Wo liegt aber die Schmerzgrenze? Bei rund 50 Prozent! Der Verbund-Standort in Ludwigshafen hat etwa 200 Produktionsbetriebe. Um sie am Laufen zu halten, ist es nötig, die Anlagen kontinuierlich mit Erdgas zu versorgen. Dafür sind „etwa 50 Prozent unseres maximalen Erdgasbedarfs” notwendig, schreibt die BASF.

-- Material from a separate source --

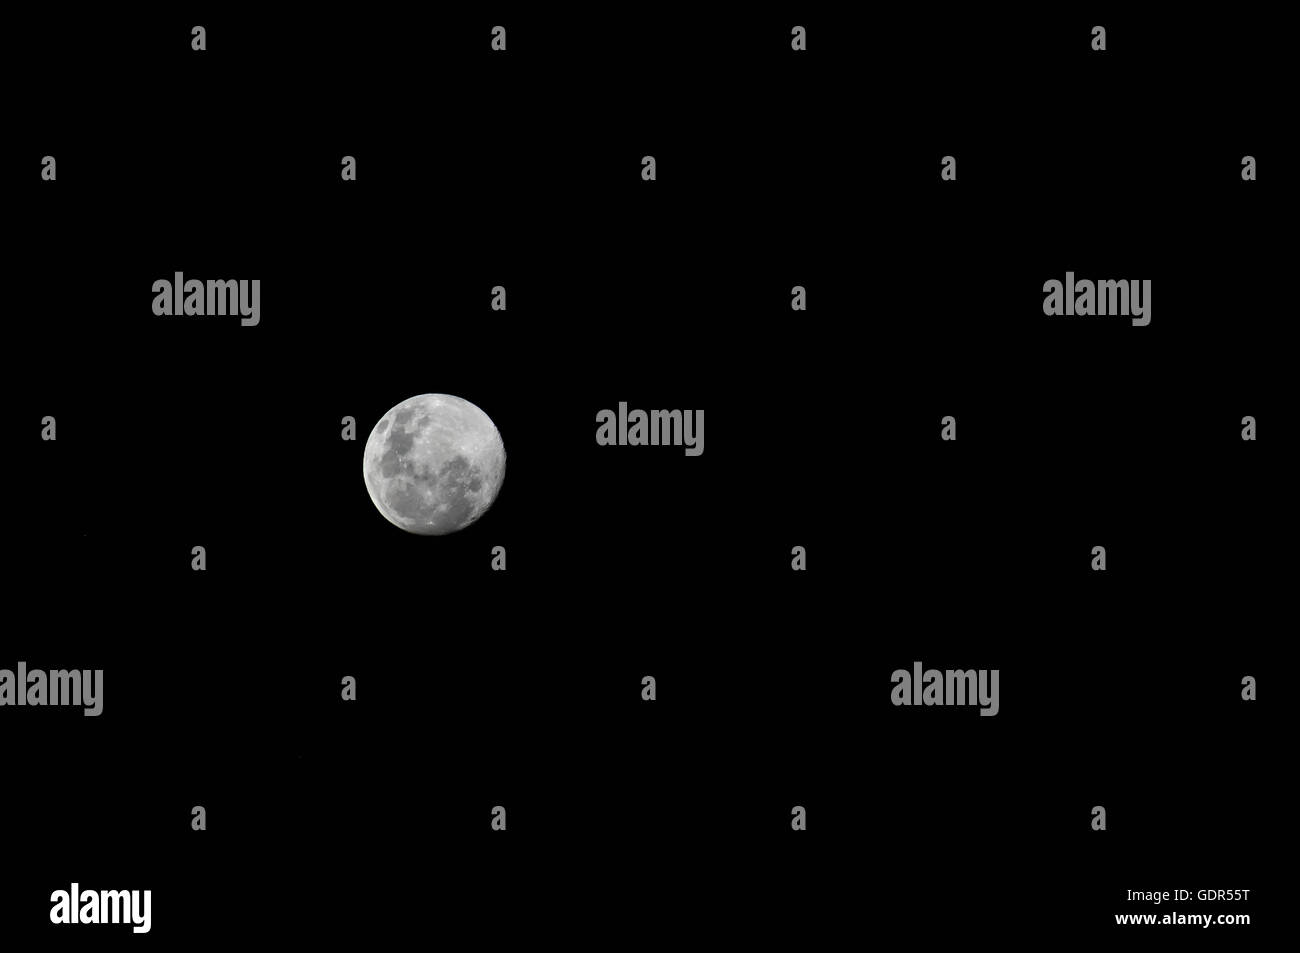 Full Moon Night Sky 2 - Stock Image
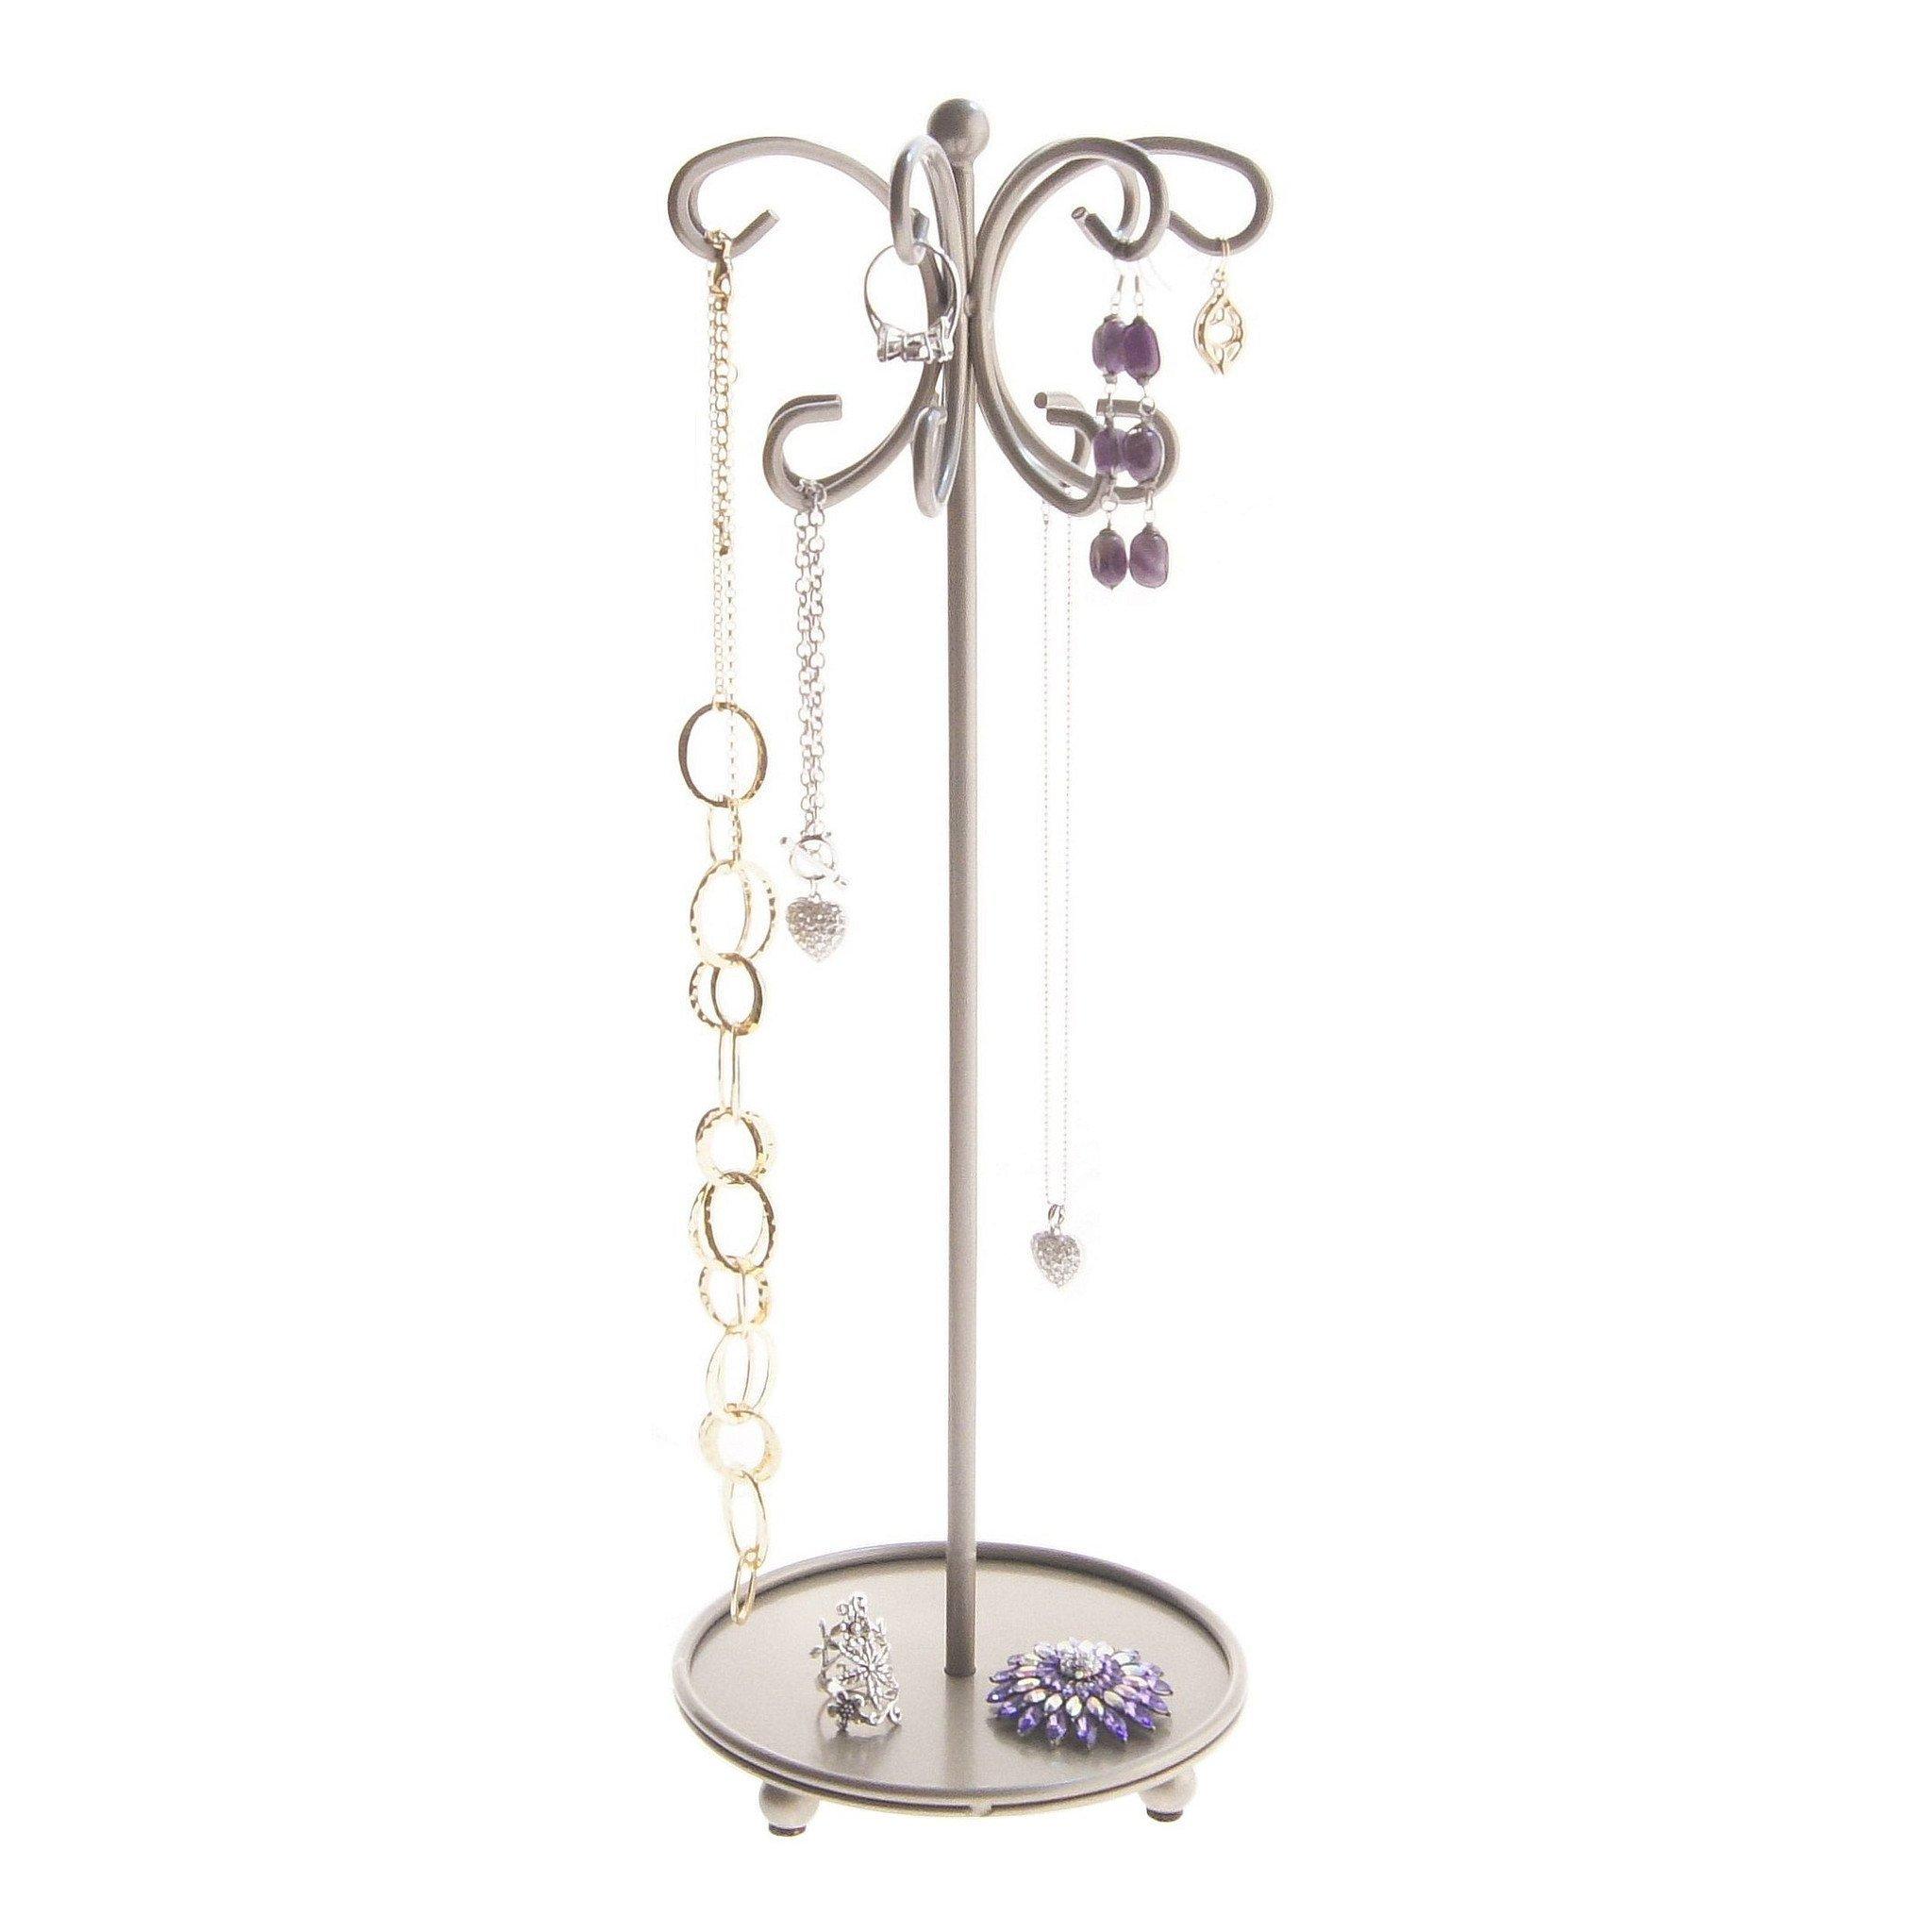 Angelynn's Necklace Holder Organizer Jewelry Tree Stand Storage Rack, Ava Satin Nickel Silver

Notfallplan für die Gasversorgung

1 Frühwarnstufe: „Es liegen konkrete, ernstzunehmende und zuverlässige Hinweise darauf vor, dass ein Ereignis eintreten kann, welches wahrscheinlich zu einer erheblichen Verschlechterung der Gasversorgungslage sowie wahrscheinlich zur Auslösung der Alarm- beziehungsweise der Notfallstufe führt.“

2 Alarmstufe: „Es liegt eine Störung der Gasversorgung oder eine außergewöhnlich hohe Nachfrage nach Gas vor, die zu einer erheblichen Verschlechterung der Gasversorgungslage führt, der Markt ist aber noch in der Lage, diese Störung oder Nachfrage zu bewältigen, ohne dass nicht marktbasierte Maßnahmen ergriffen werden müssen.“

3 Notfallstufe: „Es liegt eine außergewöhnlich hohe Nachfrage nach Gas, eine erhebliche Störung der Gasversorgung oder eine andere beträchtliche Verschlechterung der Versorgungslage vor“. Weil die Gasversorgung aber trotz aller umgesetzten „einschlägigen marktbasierten Maßnahmen“ nicht ausreicht, um die Nachfrage zu decken, müssen „nicht marktbasierte Maßnahmen“
ergriffen werden. Das bedeutet: Der Staat greift ein, um die Gasversorgung sicherzustellen.